R: No it isn’t. Pi makes it easier to do calculations with circles. That’s the whole point! So imagine you’ve got this sphere two feet across and you wanted to fill it with water. How much water would you need?
X: I wouldn’t need to work it out. I’d just fill it from the tap.
R: Yes, but if you did need to work it out, how many cubic feet of water would you need?
X: I suppose you’re going to say pi.
R: Well, almost. You’d actually need four-thirds pi cubic feet.
X: ARE YOU HAVING ME ON?
R: NO! That’s the volume of a sphere: four-thirds pi times the cube of its radius.
X: YOU SAID IT DOESN’T WORK ON CUBES!

X is right of course. I have never needed to use pi outside my school maths homework—even though I can still recite it to 22 decimal places (nerdish schoolboy’s trick).

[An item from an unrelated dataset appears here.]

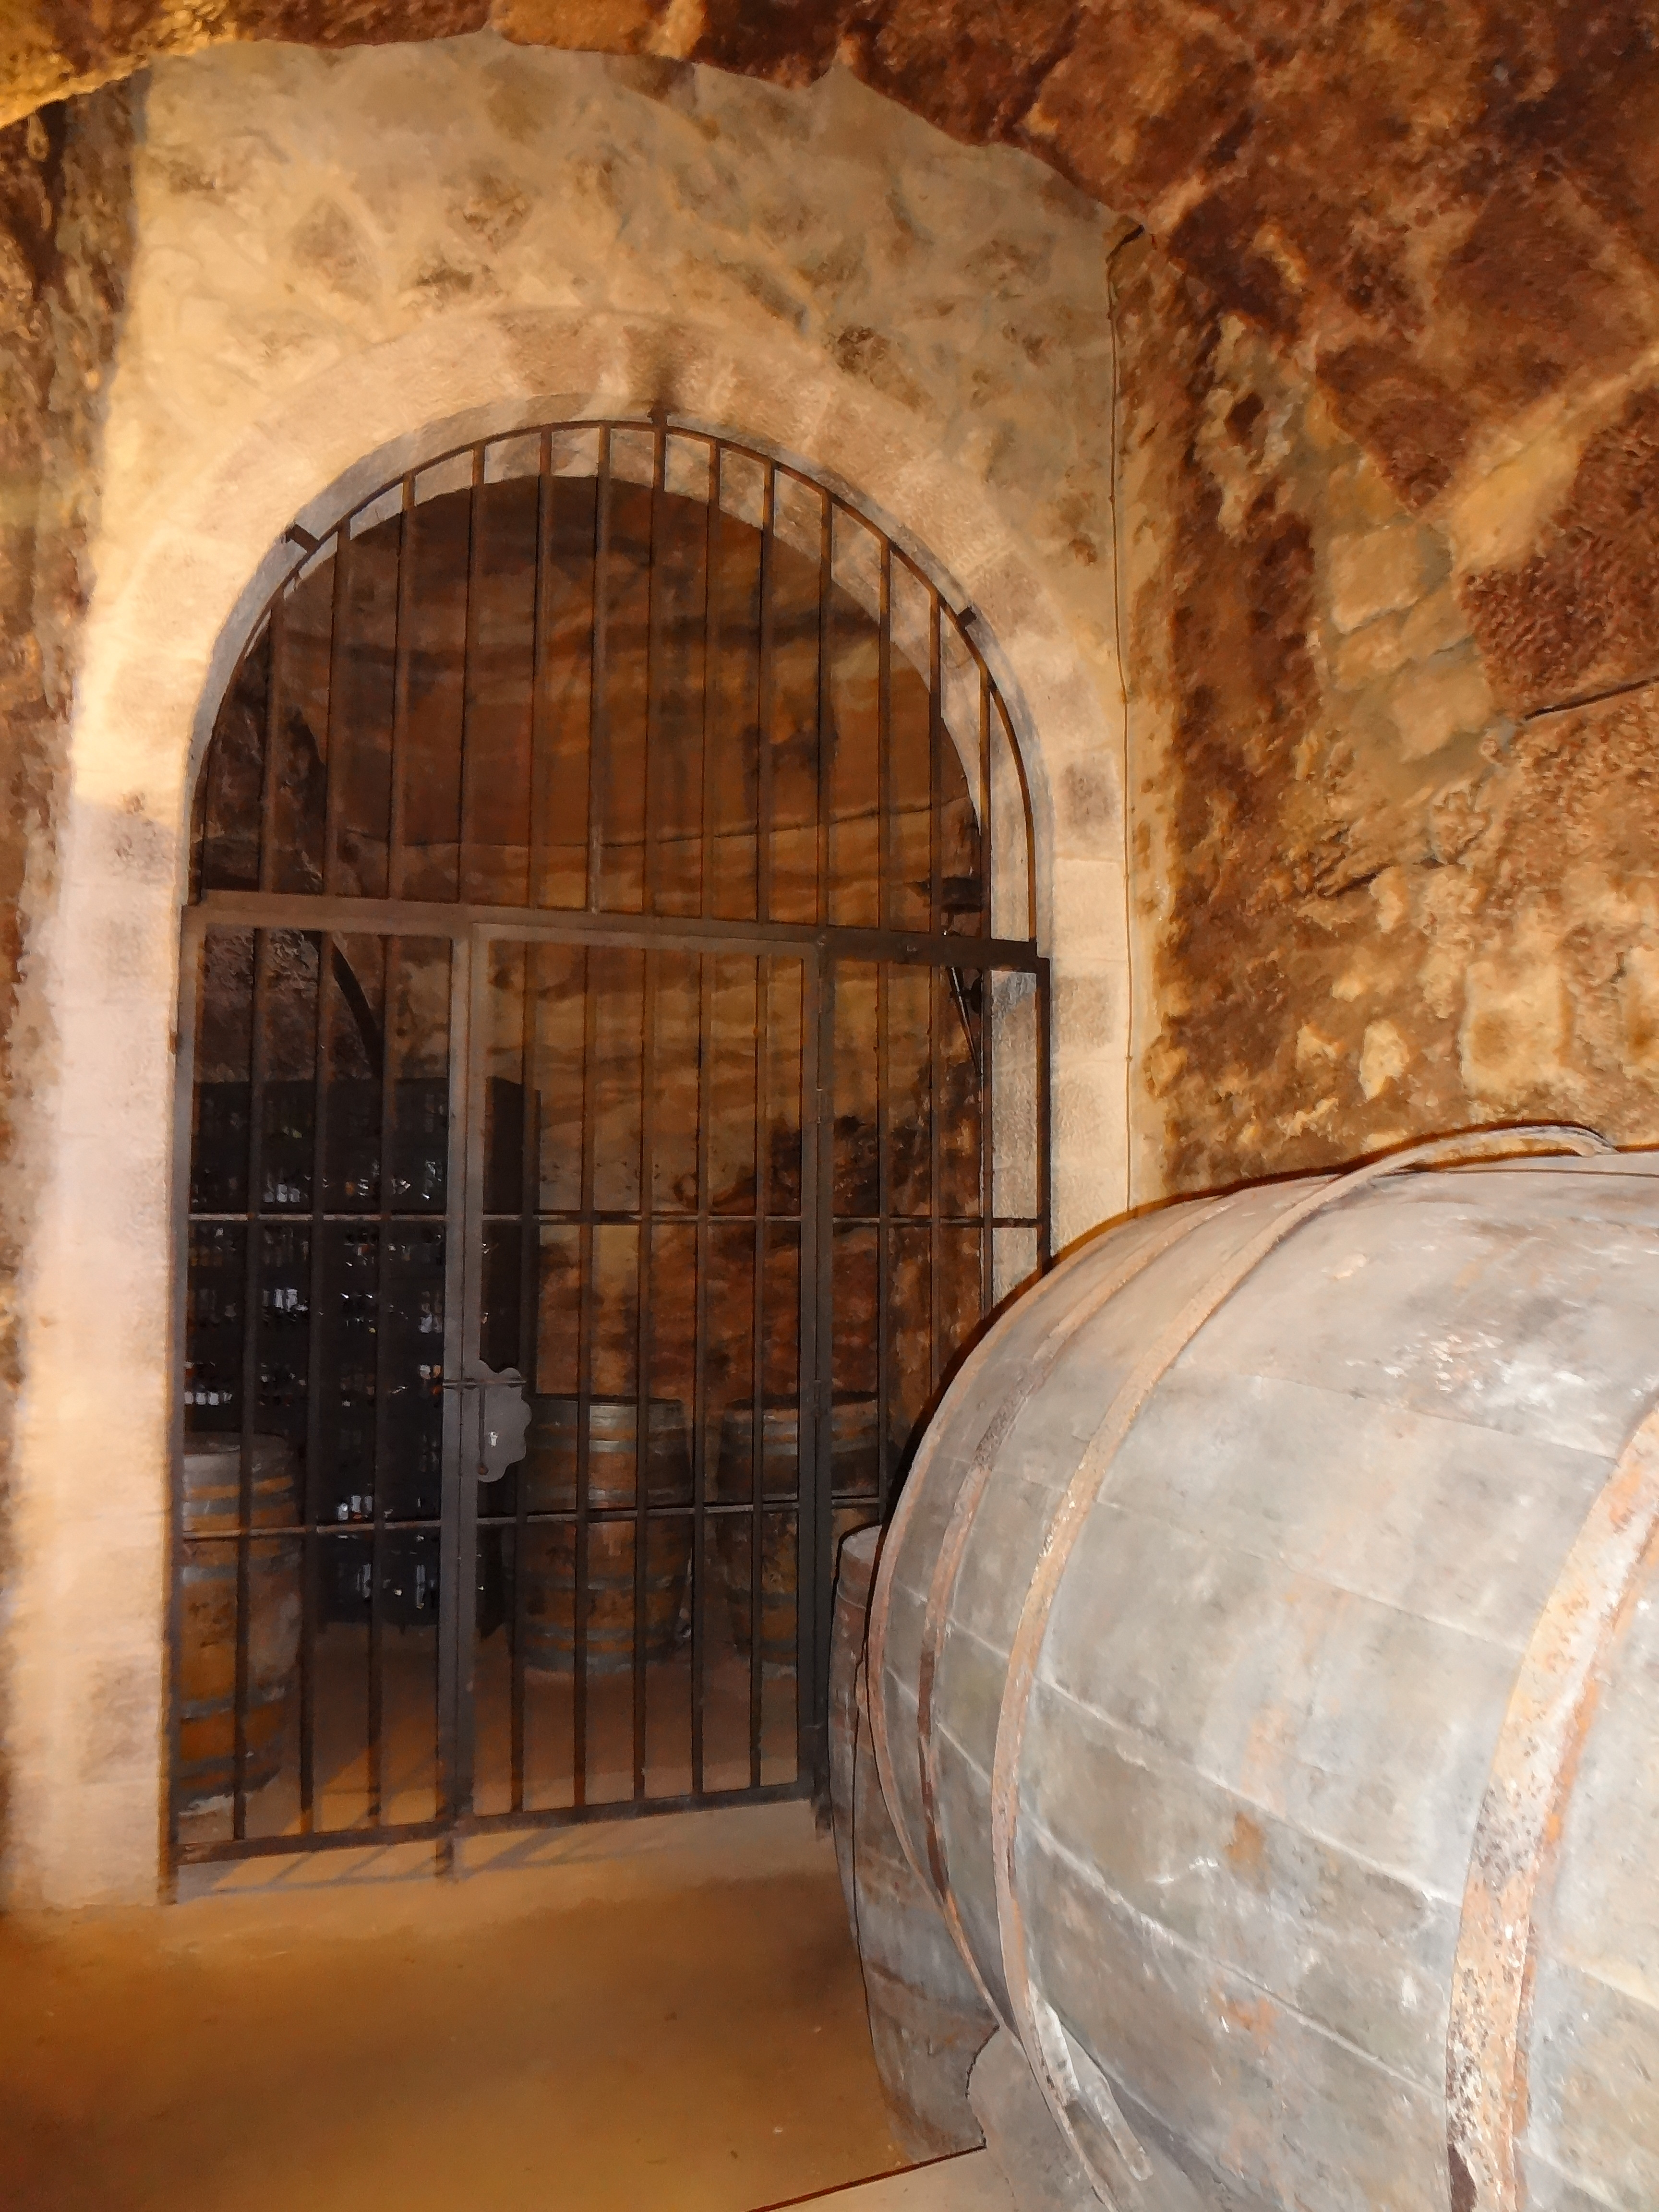 Best ideas about Underground Wine Cellar
. Save or Pin File Peña El Chilindrón Aranda de Duero España pic Now.

Mind you, did you hear about that Japanese bloke the other week who recited pi to 83,431 decimal places?

WHAT THE HELL WAS THAT ABOUT?

Postscript:

HOLY CRAP!!! I PROMISE I didn’t fix this… I just read on Wikipedia that today (22/7 in British date format, geddit?) is Pi Approximation Day.

Of course, you realise this proves that the paranormal is real, and there really is a god.

[Actually, there are two Pi Approximation Days (see Wikipedia article), so the odds of my publishing this particular item on one of them is 2 in 365 (or 1 in 182½). Hardly amazing, if you think about it—but still rather pleasing.]